TWICE A HERO By Susan Krinard

“I suggest you make up your mind quickly,” he said. “It’ll be pitch dark in a few minutes.”

Mac glanced at her wrist, remembering belatedly that Liam had commandeered her watch.

Still she hesitated. You’re not afraid of him, are you?

She didn’t like the answer she came up with. The only men she’d been around for the past ten years had been academics and students, most of them buried in studies of one kind or another. Liam O’Shea was utterly different. She’d known that from the photograph. She’d been attracted to that quality while it was safely confined to a printed image.

Now it was almost overwhelming. Just because he’s handsome and sarcastic and thinks you’re a female joke . . .

Forget that. She wasn’t going to let any man, from any era, determine her actions. Whatever his motive for offering help, be it curiosity or self-interest or something else entirely, she didn’t have a whole lot of choice. The sensible thing to do was follow his advice—for now. Go back to his camp, eat, rest. Tomorrow she could tackle the tunnel again.

She lifted her chin and met Liam’s hooded gaze. “All right. I’ll, uh… be glad of your hospitality. Thanks.”

He gave an ironic bow and turned back for the jungle.

She pulled on her backpack and followed him. Sure enough, the last of the sun had vanished save for a faint patina to the west. Even the birds and monkeys were winding down. The mosquitoes, however, had not yet retired for the evening.

“Some things never change,” she said.

Liam slowed his pace to match hers, lifting a brow in an unspoken question.

“Mosquitoes,” she clarified. “We still haven’t figured out how to get rid of them.”

He slapped idly at several specimens perched on his bare forearm. “They’re nothing to botflies and scorpions. But perhaps you haven’t met our other eight-legged neighbors? It should be an interesting introduction.”

Mac made a firm resolution not to let him witness her discomfort by so much as a single scratch, and vowed to douse herself with repellant at the first opportunity.

Liam led her along a recently cut path into the jungle, heading away from Tikal. “So, Mac—do the women of your time often travel alone in the wilderness?”

“Some do.”

“And their men permit it?”

“It’s not a matter of permission. We do what we like and take our own risks.”

“Then your men don’t even protect their own.”

Ah. She kept forgetting the kind of women he was probably used to dealing with. In 1884, feminism was still waiting to be born.

“In my time,” she said, “women aren’t owned by men. A lot of women don’t need them at all.”

“Oh?” In the dimness she could see the angry set of his jaw. “And are you an example, wandering in this jungle alone, like a lamb going to slaughter?”

“I’m—” She choked back her retort. “I admit that things didn’t turn out quite as I expected. But—”

“But it’s fortunate for you,” he said, “that I’m not one of these men of yours who leave women to fend for themselves.”

“For your information, it’s not every day that people walk through a time tunnel into the past. Men or women.”

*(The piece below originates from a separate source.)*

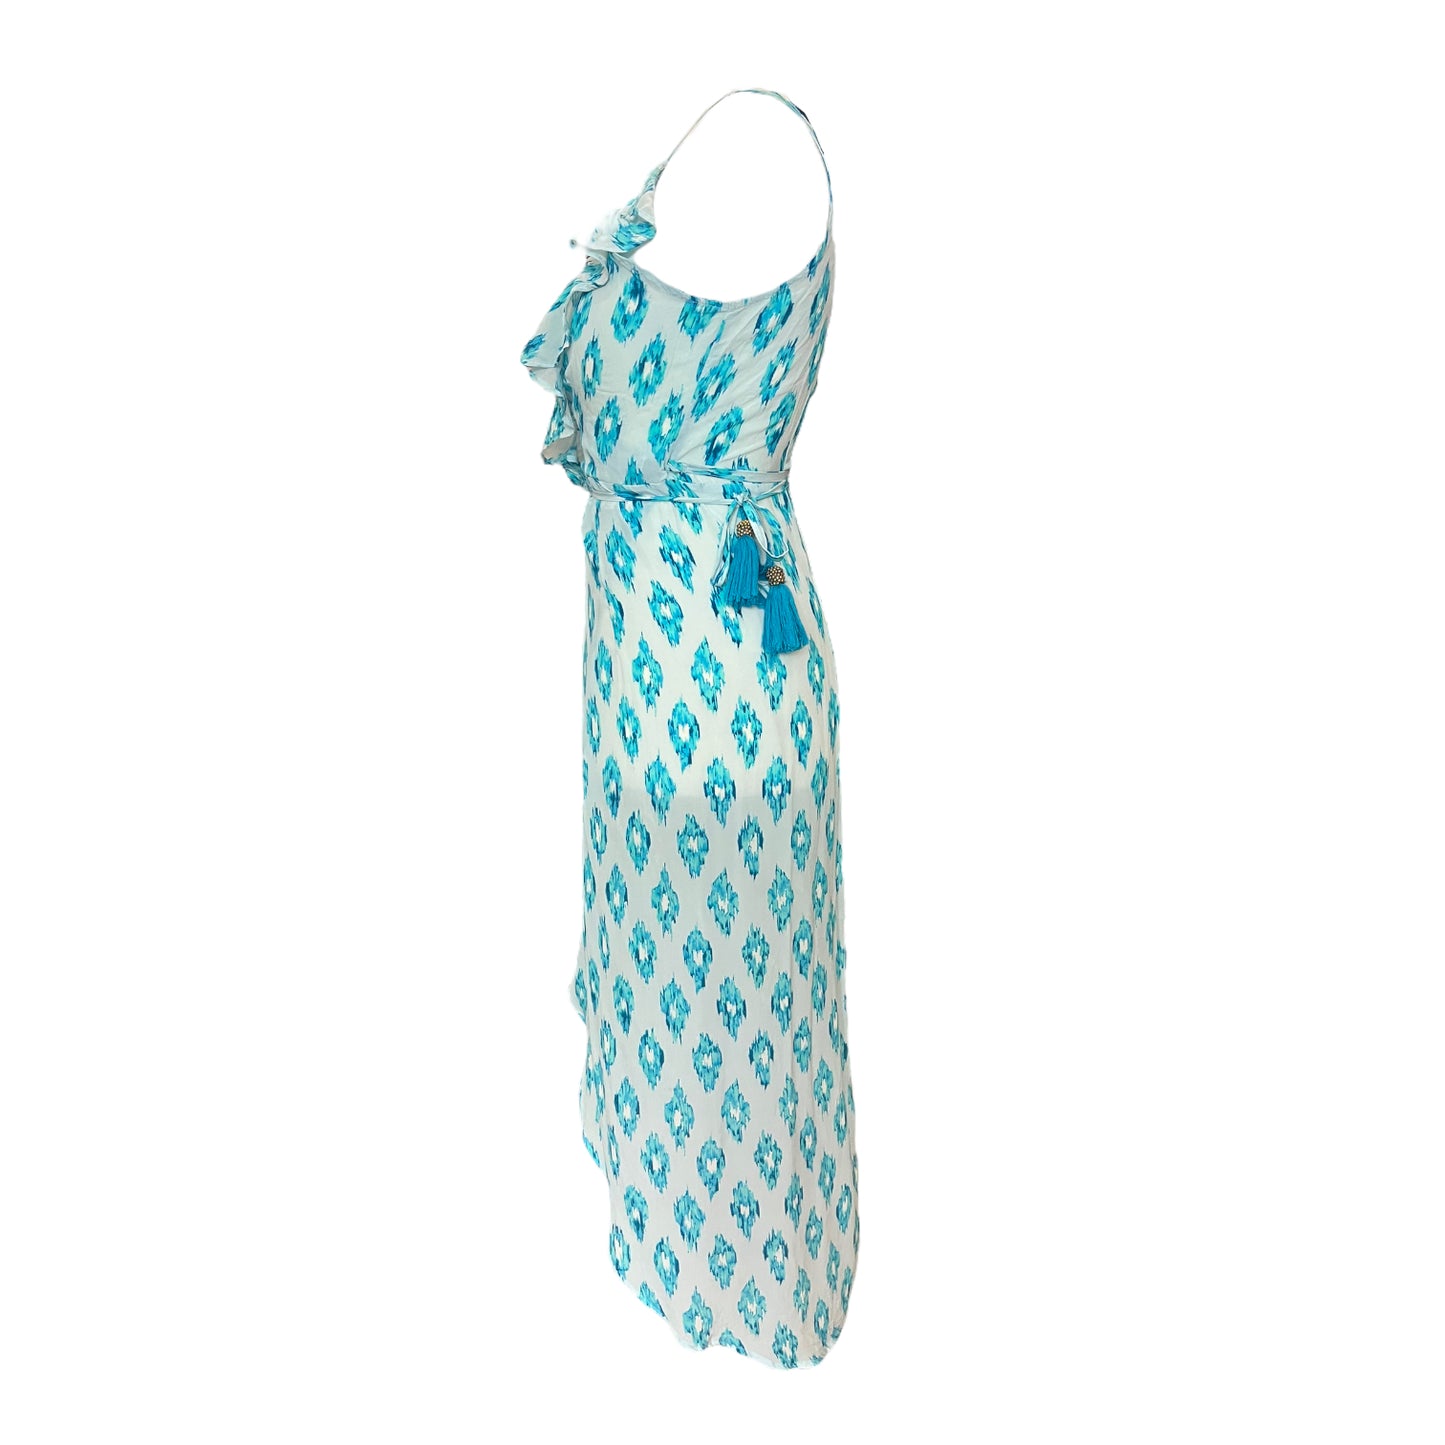 Sofia Alexia Light Blue Sleeveless Silk Wrap Dress

His scathing “ha” told her he didn’t believe in her time travel. Had she expected it to be easy?

“Don’t worry,” she said. “You aren’t responsible for me. I’m not asking—”

He cast her a look so ferocious that she forgot what she’d been about to say. “Nor am I. You’ll do as you’re told and be grateful I don’t toss you back where I found you.”

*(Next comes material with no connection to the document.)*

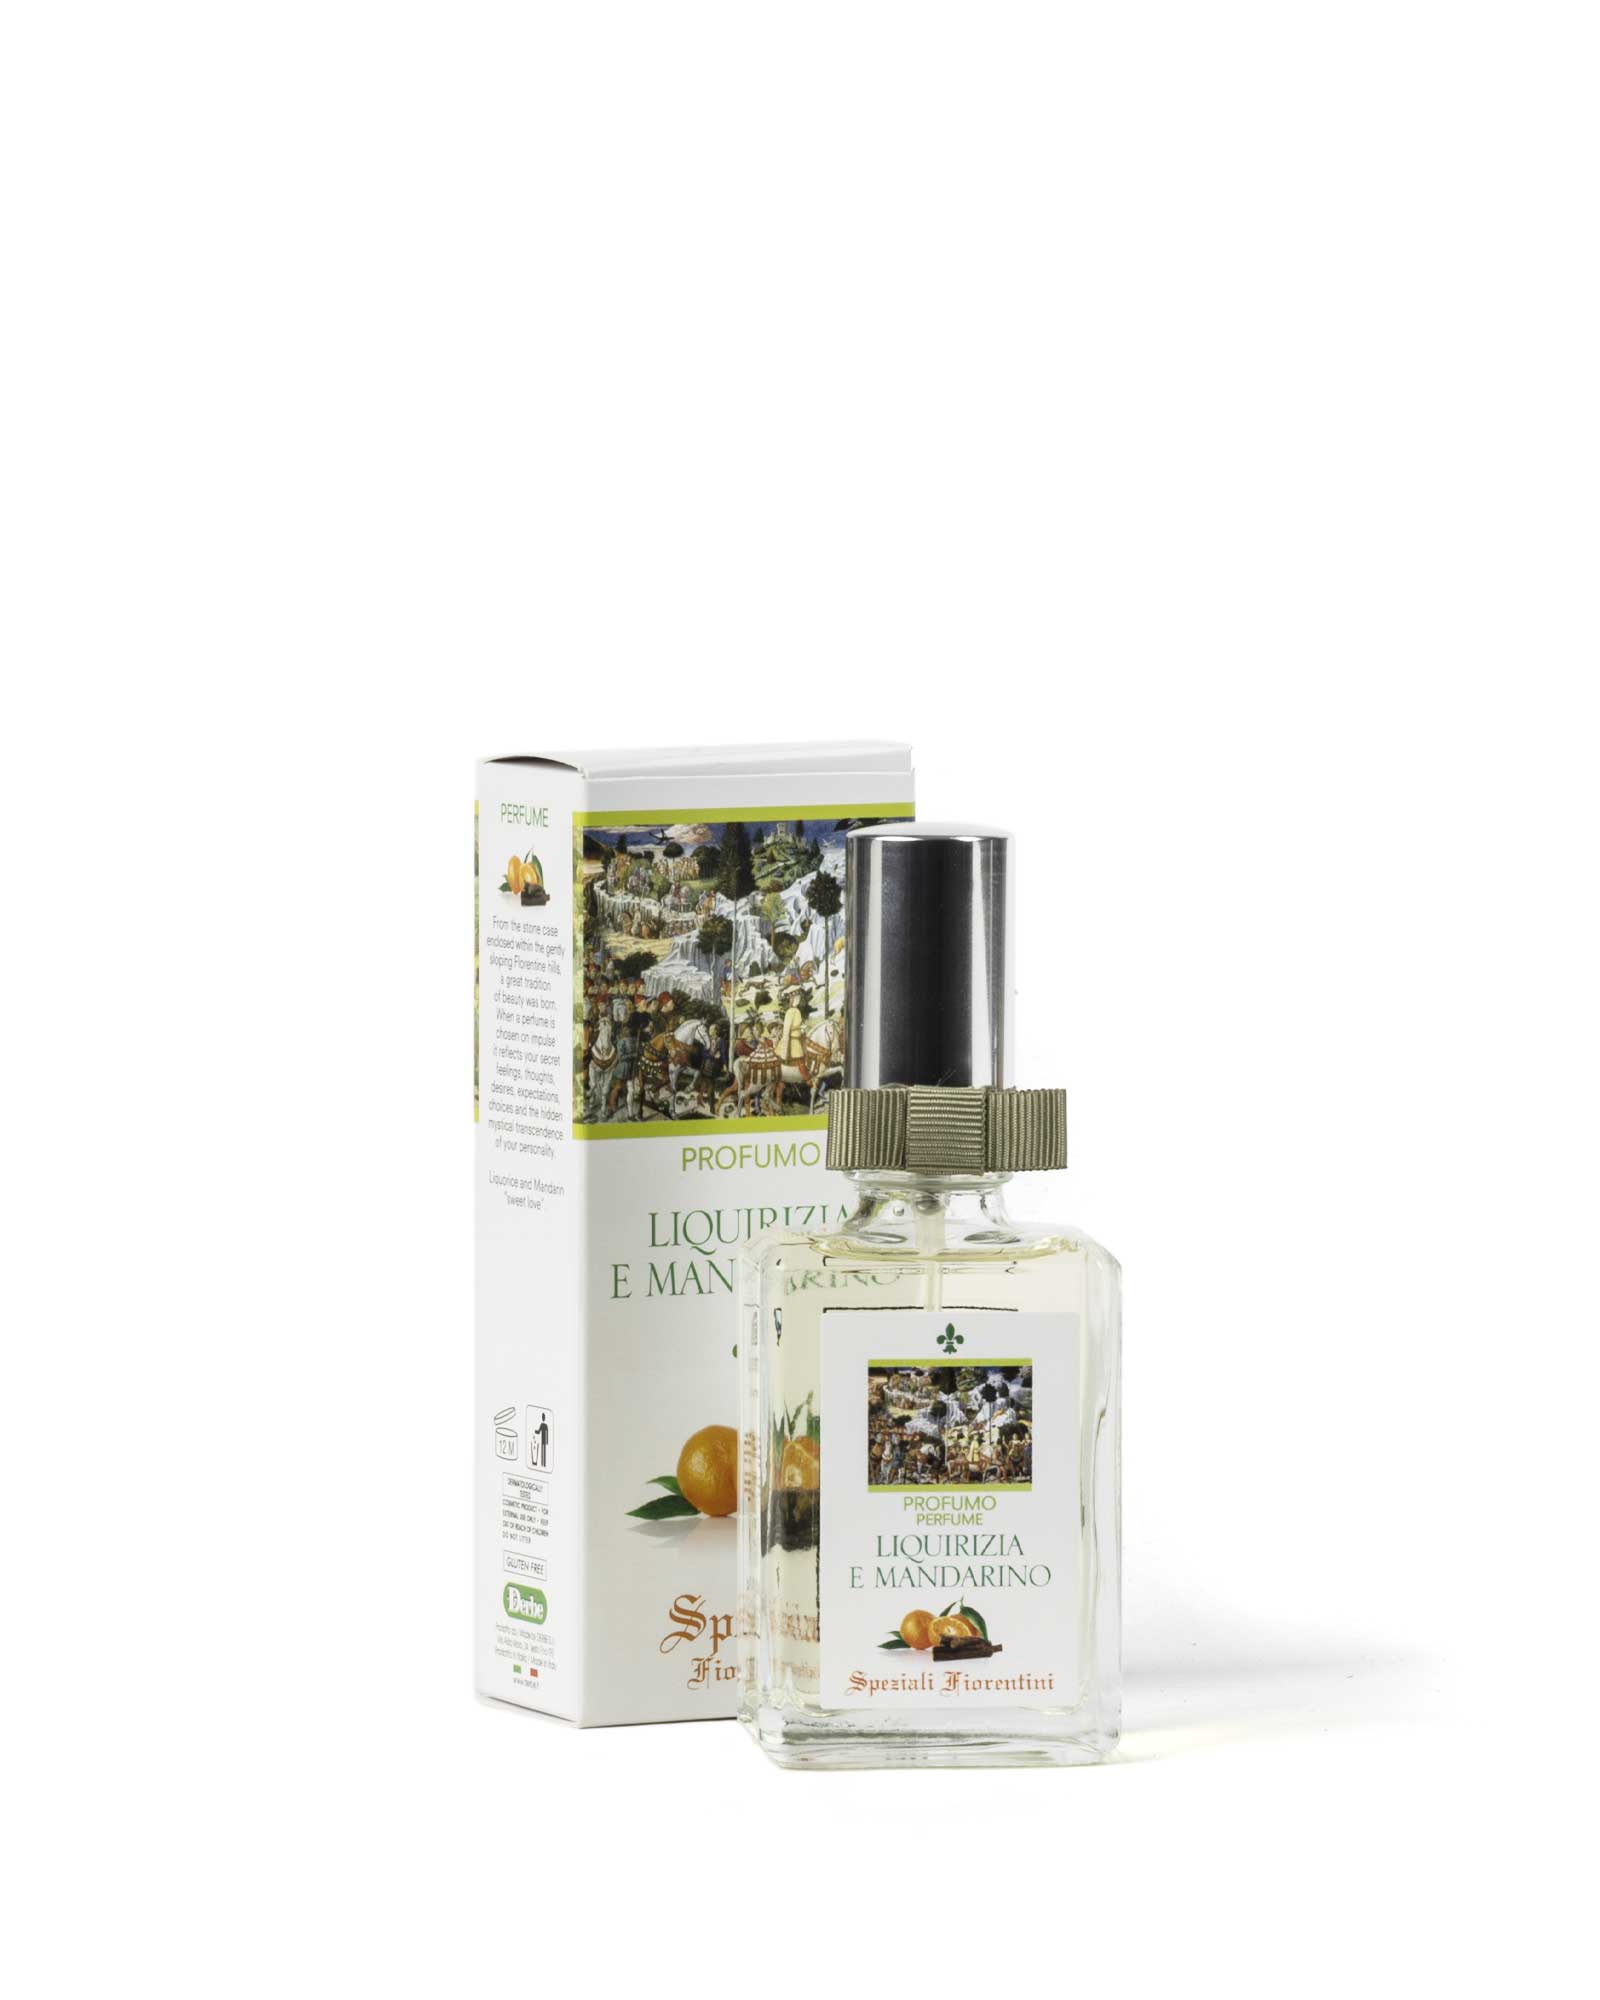 Perfume Licorice and mandarin – Speziali Fiorentini – Derbe

She hastily considered the best stinging comment to make in reply, but she had no time to put it into effect. One instant Liam was beside her, the next striding ahead to meet a man who’d suddenly materialized on the path before them.

“Fernando!” Liam said, his unexpected grin dazzling in the extreme. It was aimed at the short, dark, lithe man in a pale shirt and loose trousers, who returned the greeting more solemnly in Spanish. He was recognizably Maya Indian, like the guide who had brought her to the ruins.